Le représentant dans l'Aisne de la SNES-FSU, dirigée par Achiéri, a dénoncé la "disproportion des moyens policiers" après ce suicide d'un enseignant ! "Une fois de plus, on peut s'interroger sur la disproportion des moyens policiers mis en oeuvre avec la nature des faits reprochés à ce professeur" d'un collège près d'Hirson (Aisne), affirme-t-il, plus qu’il ne s’interroge.

Considérant le nombre de conseillers psychologues de l'Education Nationale, COP (Conseillers d'Orientation Psychologues) et CPE (Conseillers principaux d'éducation -ils sont tous 'principaux'...- , qui ont succédé aux 'surveillants généraux'), lesquels font de la psycho à trois balles sans le diplôme, plutôt que de représenter la moindre autorité dans les établissements, nous est-il donc permis de nous interroger sur la réalité concrète de

  • l’aide psychologique de ces psychologues éclairés qui excluent leurs collègues professeurs de leur champ d’action, lorsque la police les tracasse;
  • du rôle réel de ces équipes pompeusement qualifiées de ‘pédagogiques mais qui ne prennent pas en compte les difficultés rencontrées par leurs collègues sur leur lieu de travail ;
  • et de l’utilité des syndicats qui s’intéressent à leurs collègues s’ils adhèrent, cotisent et militent, mais les négligent dans ce type de circonstances et préfèrent instrumentaliser leur douleur à des fins politiques.

    La communauté éducative, globalement, se révèle une nouvelle fois en dessous de tout
    Le professeur âgé de 38 ans, qui avait certes des problèmes personnels, familiaux et financiers, s’est manifestement trouvé tout seul à la sortie du commissariat de police et le SNES-FSU n’a donc pas porté assistance à personne en danger.
    Le supérieur hiérarchique direct de la victime a quant à lui fait appel à une cellule rectorale d’aide psychologique qui, le temps de se déplacer, a trouvé le fonctionnaire pendu à son domicile vendredi.

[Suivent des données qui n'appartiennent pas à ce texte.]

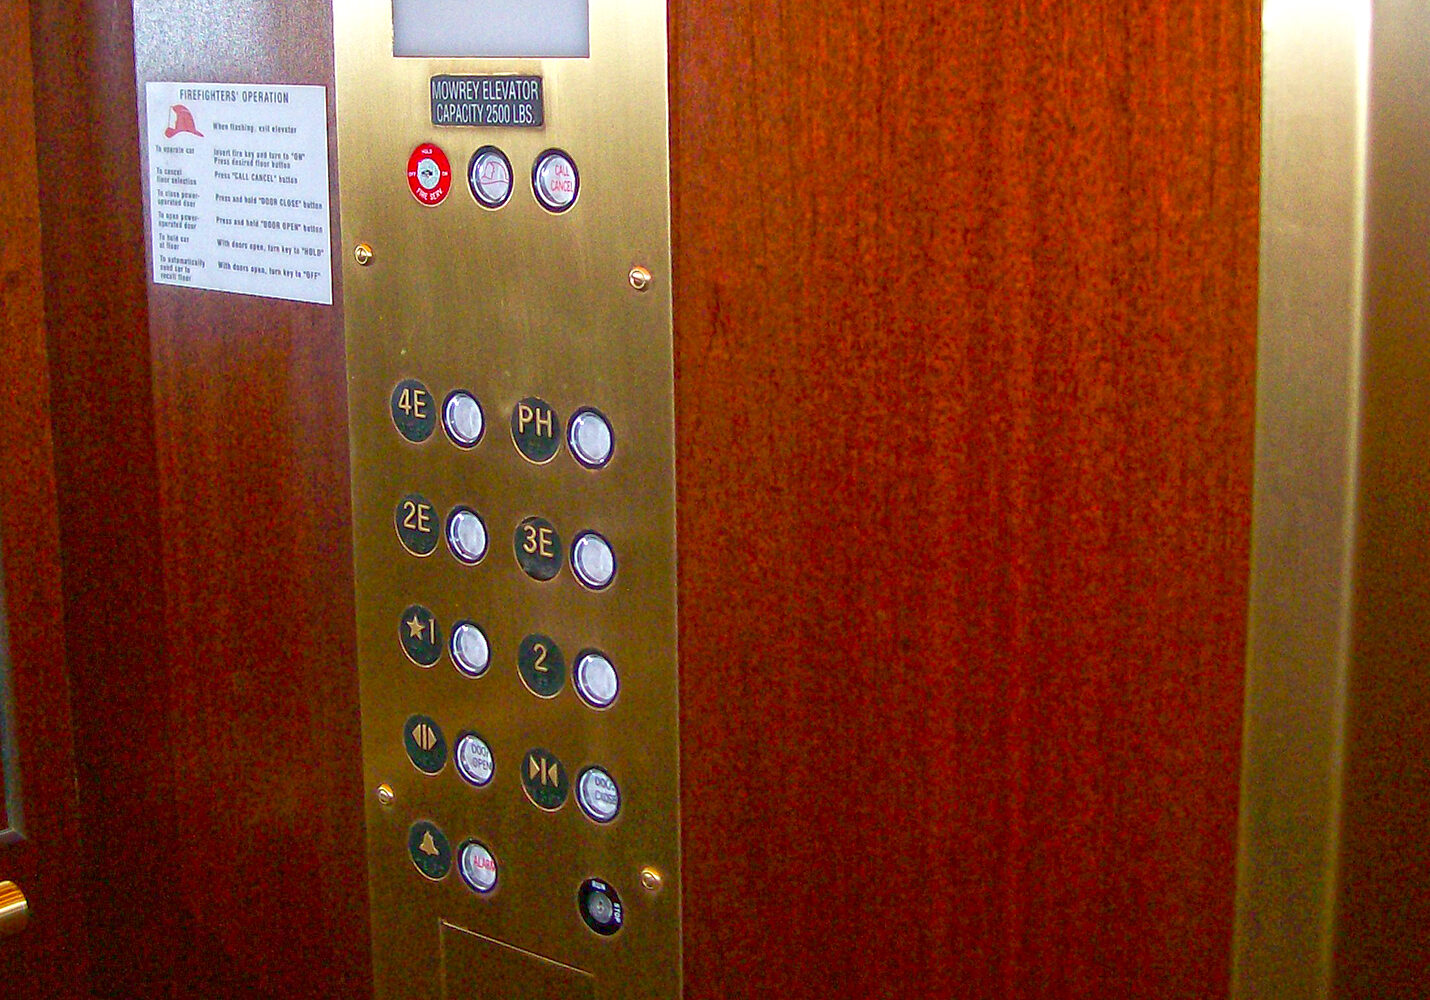 Bronze Elevator Refinishing and Resurfacing - Casellas Refinishing - Building Surface Restoration - About Casellas Refinishing Florida - Gallery of Refinishing and Restoration Projects - Casellas Refinishing - Elevator Repair and Service in Loxahatchee, Royal Palm Beach, Boca Raton, Jupiter, West Palm Beach, Palm Beach County and All of South Florida.

    L’indécence du SNES-FSU est indigne d’éducateurs
    Absent dans les premières heures, le syndicat n’a pas mis en œuvre les imposants moyens financiers et humains à sa disposition. Peut-être a-t-il même choisi de négliger son collègue mais d’exprimer sa compréhension aux parents de l'élève, qui se sont sentis encouragés, comme cela arrive, en fonction de l’engagement politique, syndical ou associatif des parents.

    La FSU récupère une situation douloureuse sans aucune pudeur
    Dès samedi, le syndicat voit dans ce drame "l'illustration de la dégradation de la situation de tous les enseignants, qui doivent faire face dans leur quotidien à des jeunes qui sont de moins en moins encadrés par des personnels qualifiés en nombre suffisants".

    Cette odieuse accusation ne pouvait donc attendre que leur collègue ait été porté en terre.